A seca em São Paulo a
nossa Amazônia e o desmatamento.
A seca em São Paulo se relaciona com mudança do clima?
-- Pegue o
noticiário: o que está acontecendo na Califórnia, na América Central, em partes
da Colômbia? É mundial. Alguém pode dizer - é mundial, então não tem nada a ver
com a Amazônia. É aí que está a incompreensão em relação à mudança climática:
tem tudo a ver com o que temos feito no planeta, principalmente a destruição de
florestas. A consequência não é só em relação ao CO2 que sai, mas a destruição
de floresta destrói o sistema de condicionamento climático local. E isso, com
as flutuações planetárias da mudança do clima, faz com que não tenhamos nenhuma
almofada.
Almofada?
-- A floresta é um seguro, um sistema de proteção, uma
poupança. Se aparece uma coisa imprevista e você tem algum dinheiro guardado,
você se vira. É o que está acontecendo agora, não sentimos antes os efeitos da
destruição de 500 anos da Mata Atlântica, porque tínhamos a "costa
quente" da Amazônia. A sombra úmida da floresta amazônica não permitia que
sentíssemos os efeitos da destruição das florestas locais.

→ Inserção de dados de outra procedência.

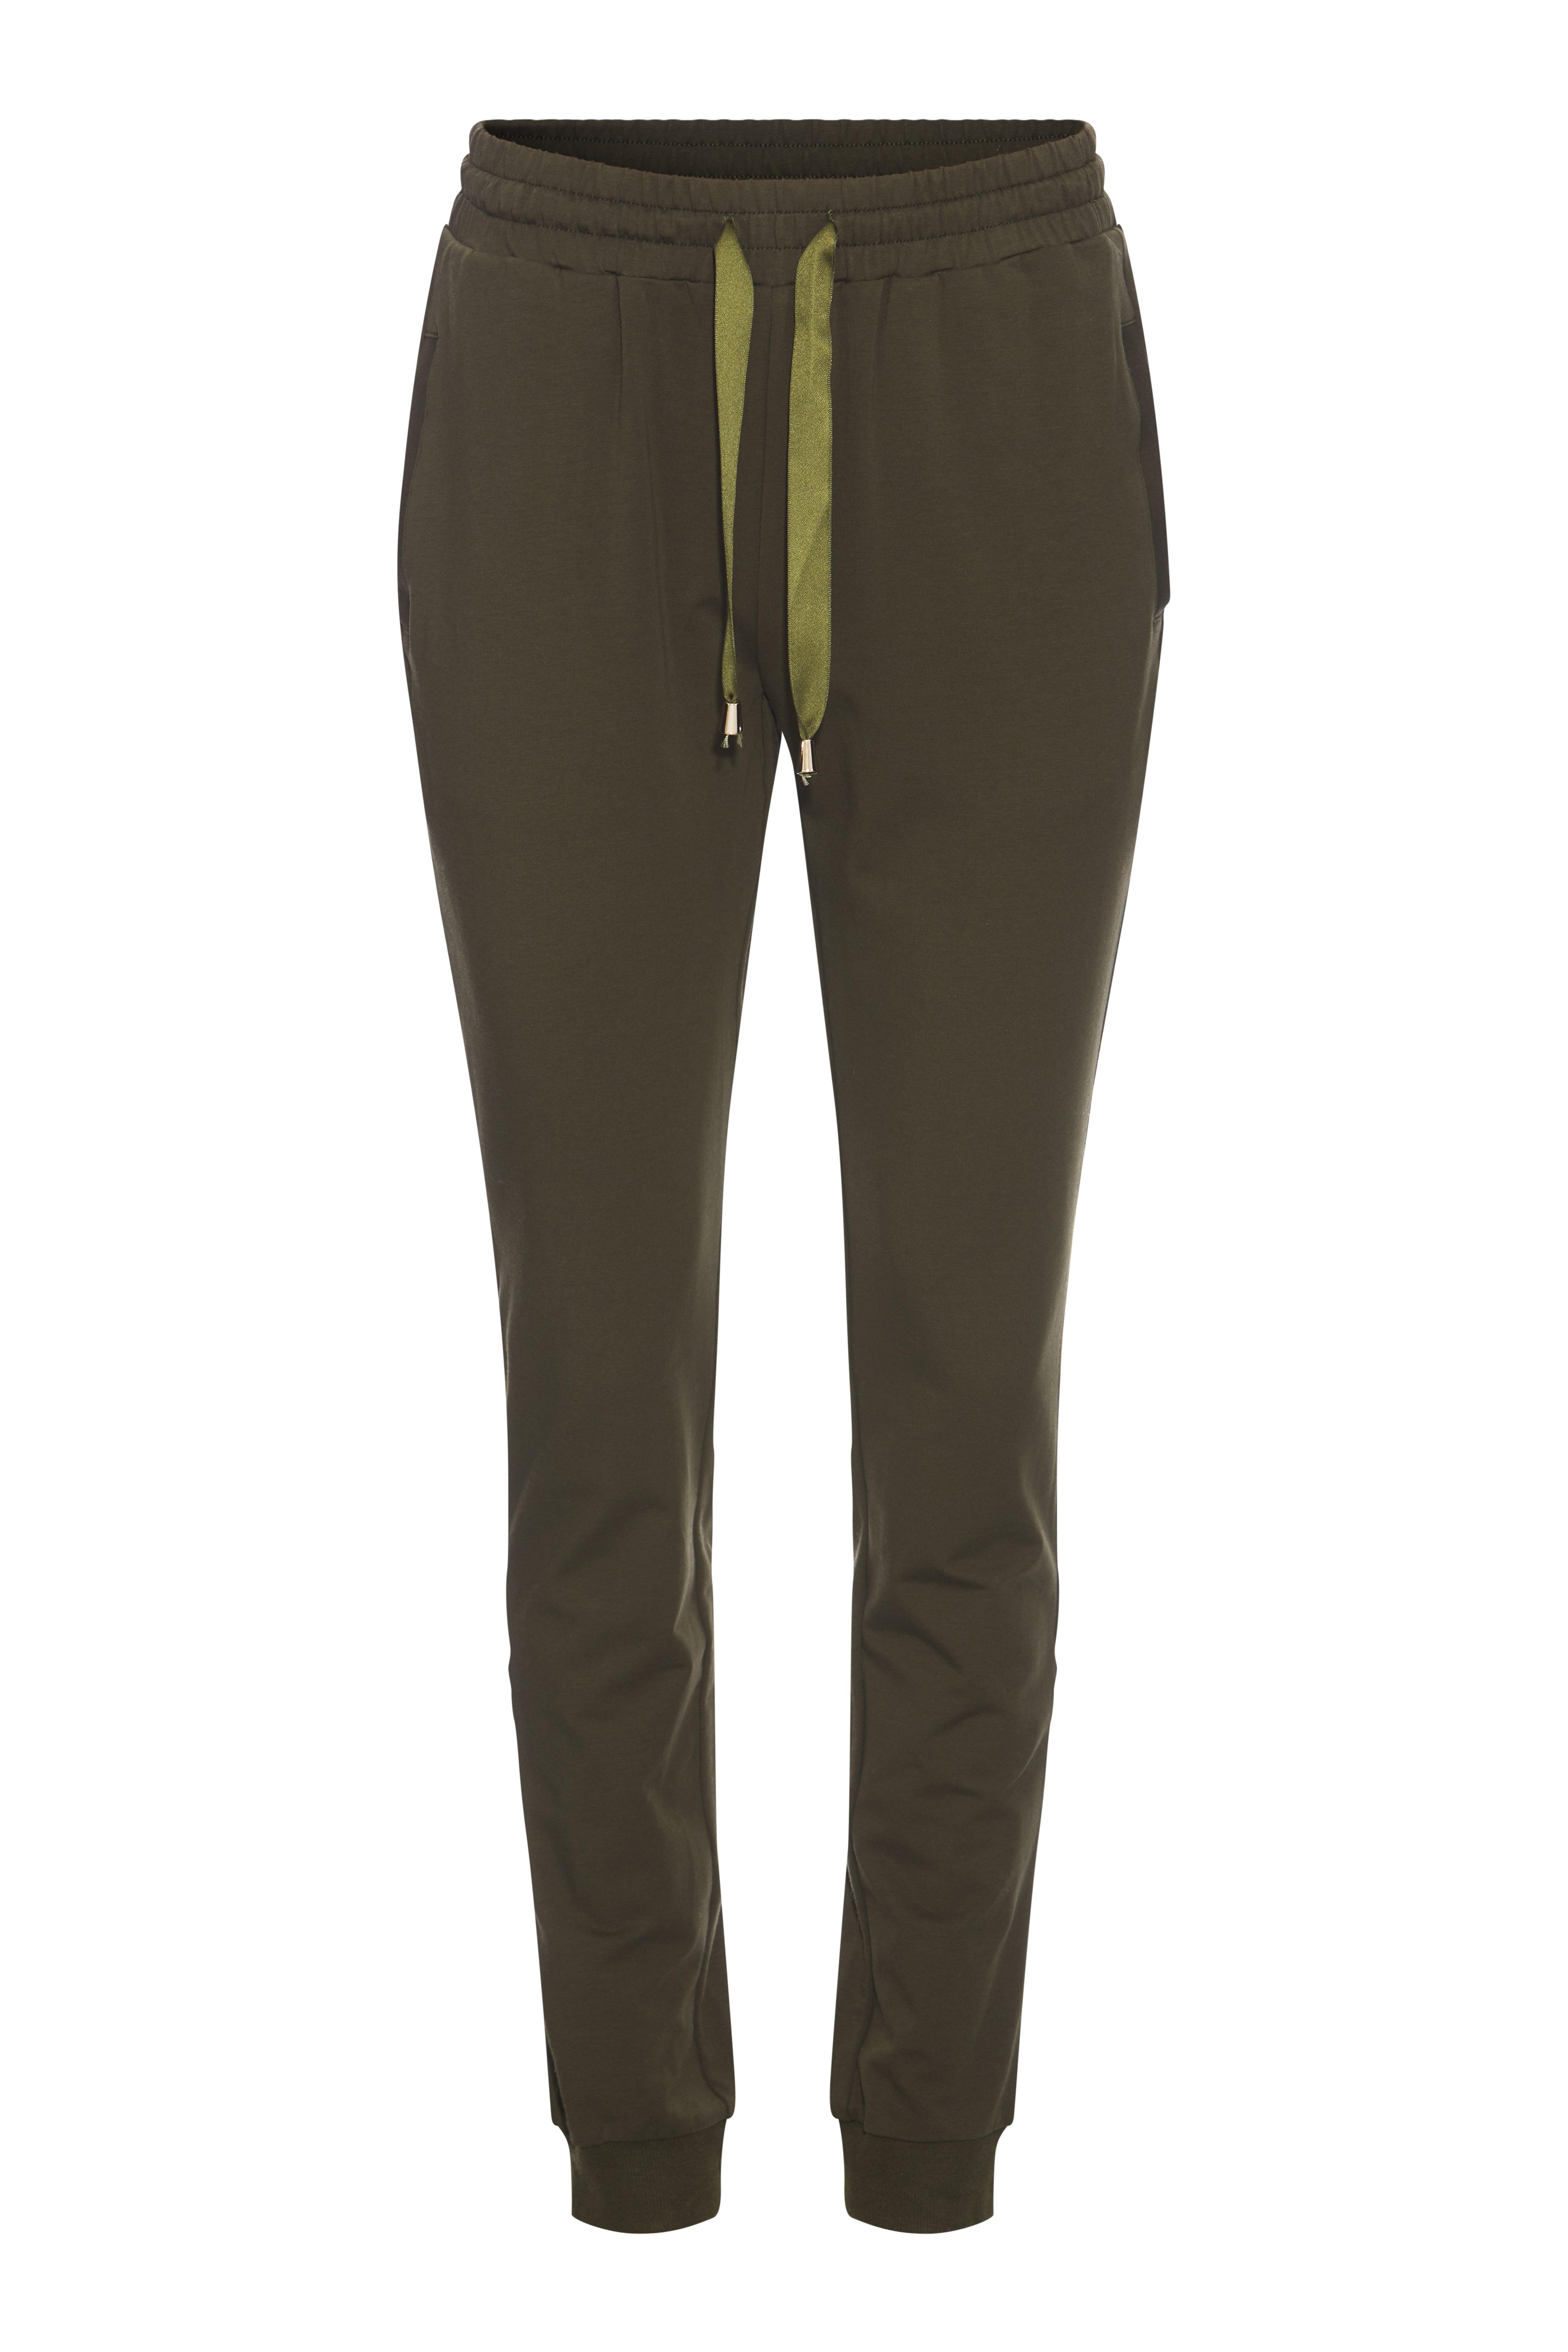 PBO 2391 Jalli sweatpants, ivy green, xx-large

"A mudança climática já chegou. Não é mais previsão
de modelos científicos, é observação de noticiário"
O sr. fala em tapete tecnológico da Amazônia. O que é?
-- Eu queria mostrar
o que significa aquela floresta. Até eucalipto tem mais valor que floresta
nativa. Se olharmos no microscópio, a floresta é a hiper abundância de seres
vivos e qualquer ser vivo supera toda a tecnologia humana somada. O tapete
tecnológico da Amazônia é essa assembleia fantástica de seres vivos que operam
no nível de átomos e moléculas, regulando o fluxo de substâncias e de energia e
controlando o clima.
O sr. fala em cinco segredos da Amazônia. Quais são?
-- O primeiro é o transporte de umidade continente adentro.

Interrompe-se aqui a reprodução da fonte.